Alorica and Crescendo have partnered to embed AI-native capabilities directly into live customer engagement workflows, signalling a shift away from bolt-on AI solutions toward platforms designed from the ground up for agentic assistance. This move reflects a broader industry recognition that traditional CX stacks—where AI operates as a supplementary layer atop legacy systems—create friction rather than fluency. By integrating AI natively into their engagement infrastructure, the partnership positions itself to handle real-time customer interactions with reduced latency and fewer handoff failures, the operational bottlenecks that have plagued hybrid human-AI models. For teams already managing multiple point solutions, this raises a critical question: does the consolidation of AI and engagement into a single platform justify the migration cost, or does it simply trade integration complexity for vendor lock-in risk?

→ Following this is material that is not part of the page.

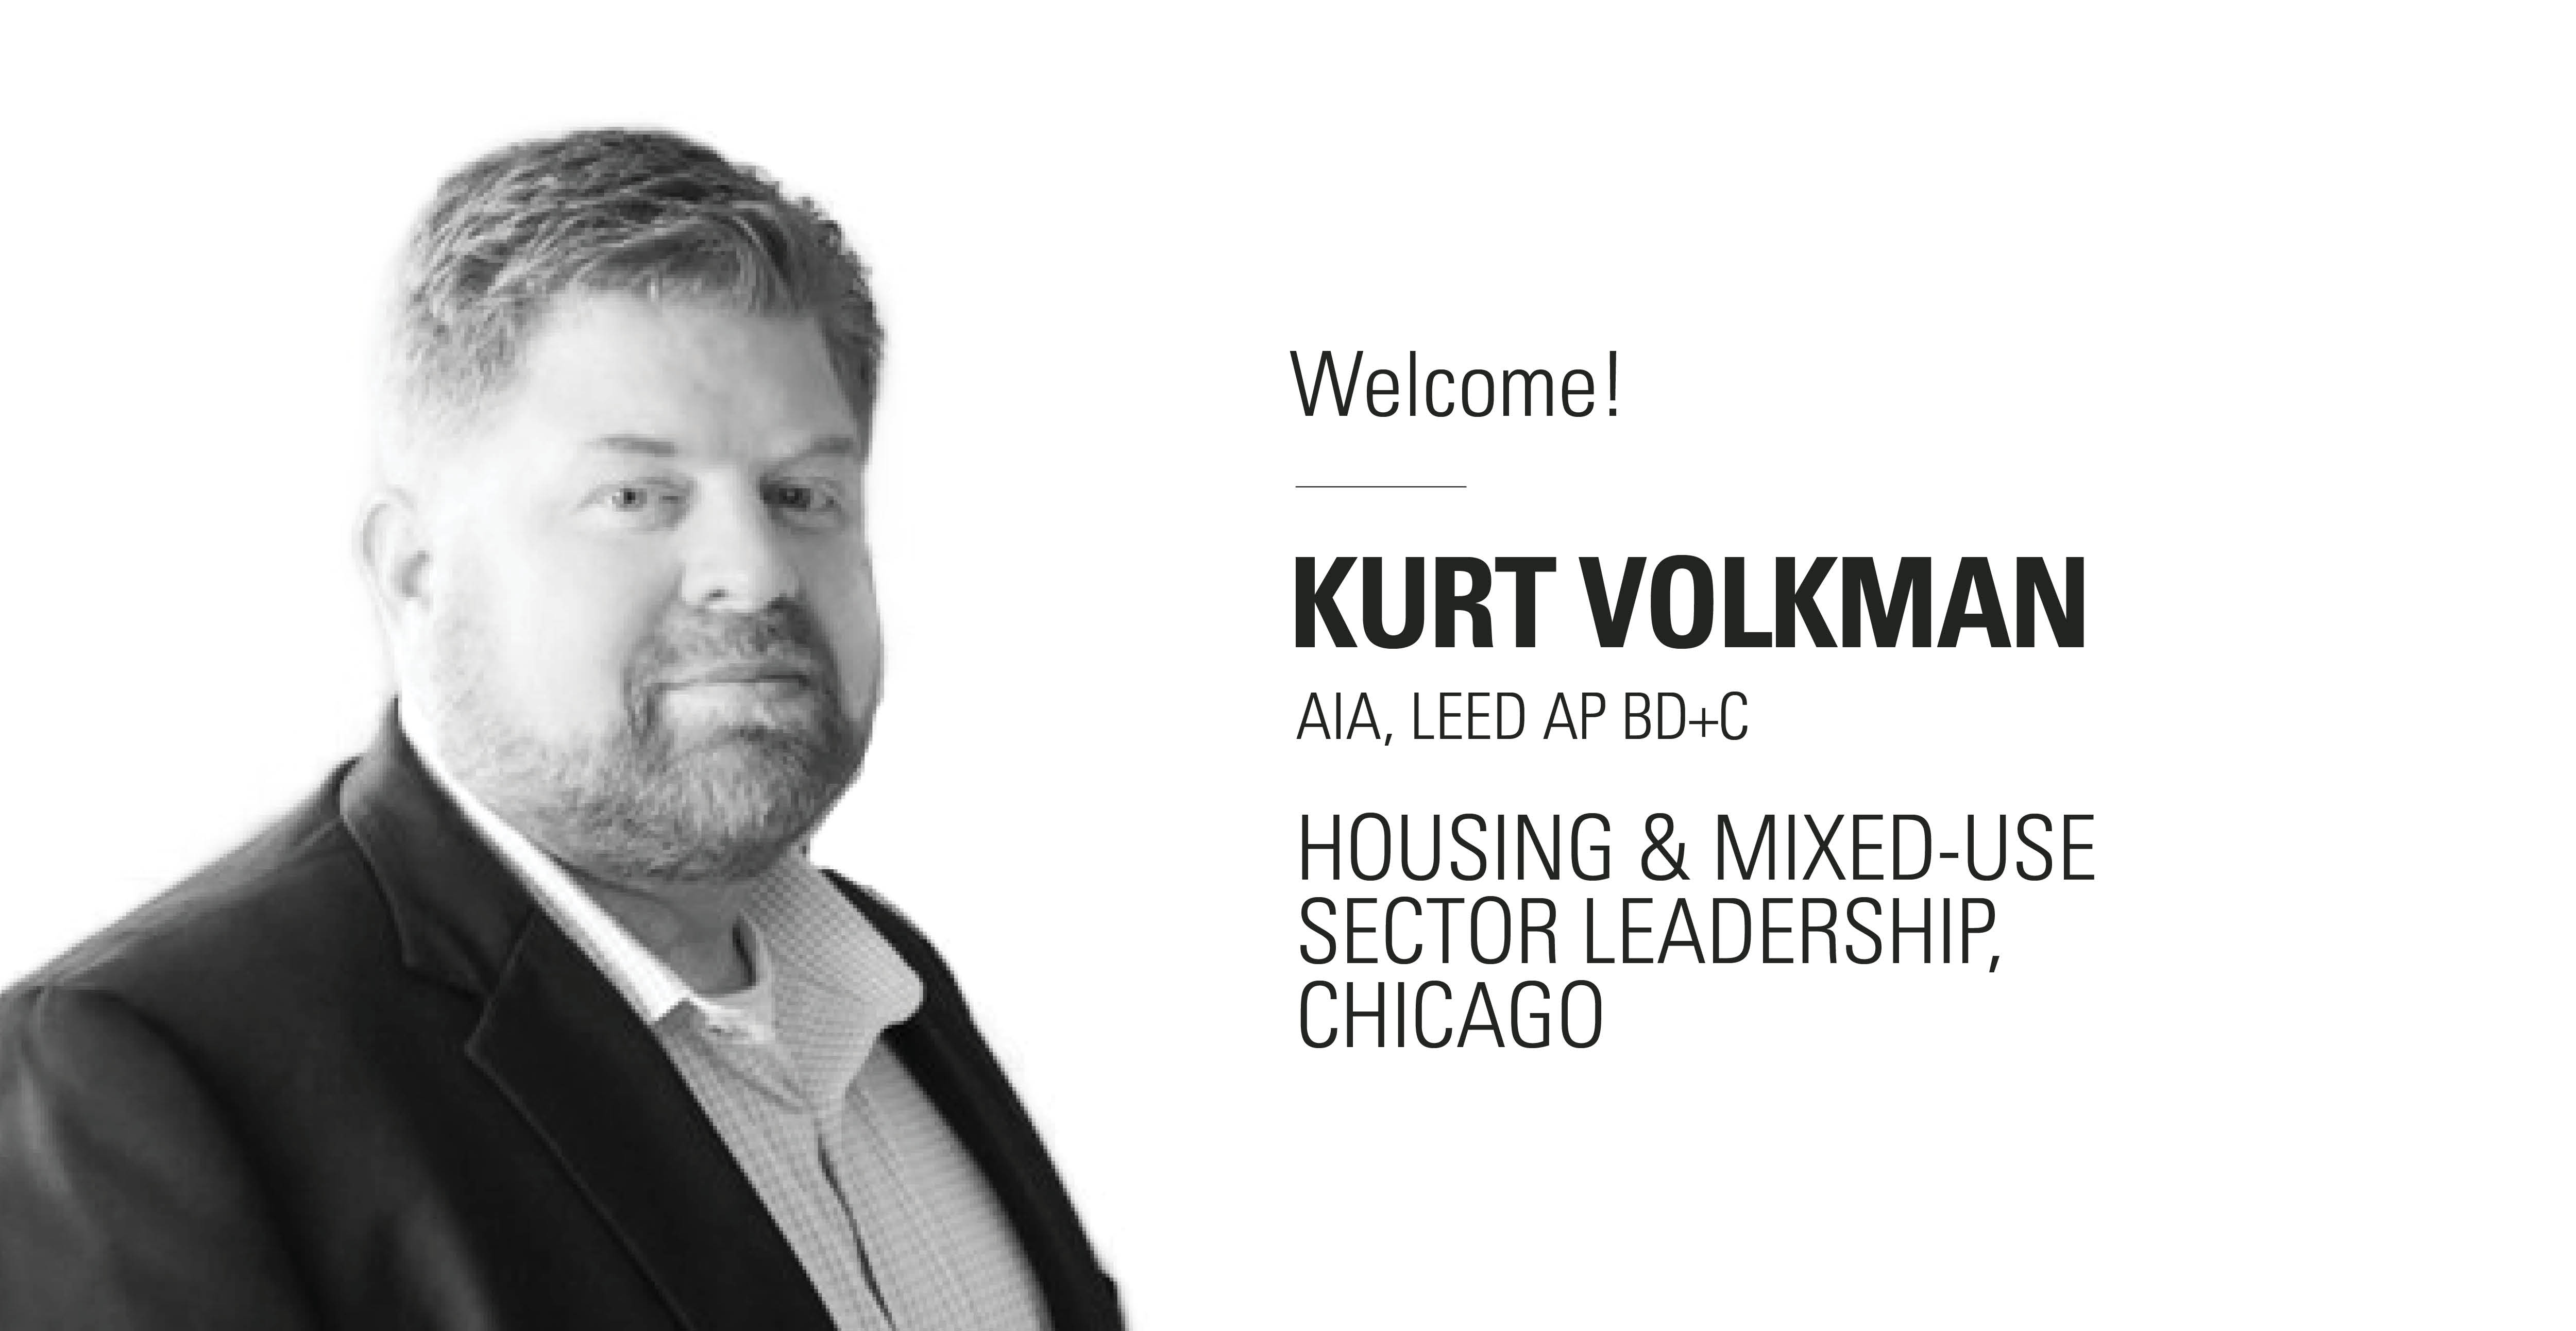 /HED%20welcomes%20Kurt%20Volkman%20as%20new%20Housing%20%26%20Mixed-Use%20Sector%20Leadership%20in%20Chicago

The strategic implication extends beyond operational efficiency. Alorica's scale as a BPO combined with Crescendo's AI-native architecture creates a reference implementation that larger enterprises will scrutinise closely—particularly those invested in Salesforce Agentforce or similar agentic platforms. If this partnership demonstrates measurable improvements in first-contact resolution, customer satisfaction, or agent productivity, it will accelerate pressure on incumbent CX vendors to move beyond conversational AI into true agentic workflows. The question becomes whether this represents genuine innovation or simply the inevitable maturation of AI-augmented support, where the distinction between "AI-native" and "well-integrated" collapses under real-world performance metrics.

What remains unresolved is whether AI-native architecture actually solves the human-AI collaboration problem or merely optimises for speed at the expense of control. CX leaders should examine whether Alorica's implementation addresses the persistent challenge of agent override rates, customer escalation patterns, and the quality degradation that occurs when AI systems operate without sufficient human oversight—metrics that rarely feature in vendor announcements but determine whether these platforms deliver sustainable value.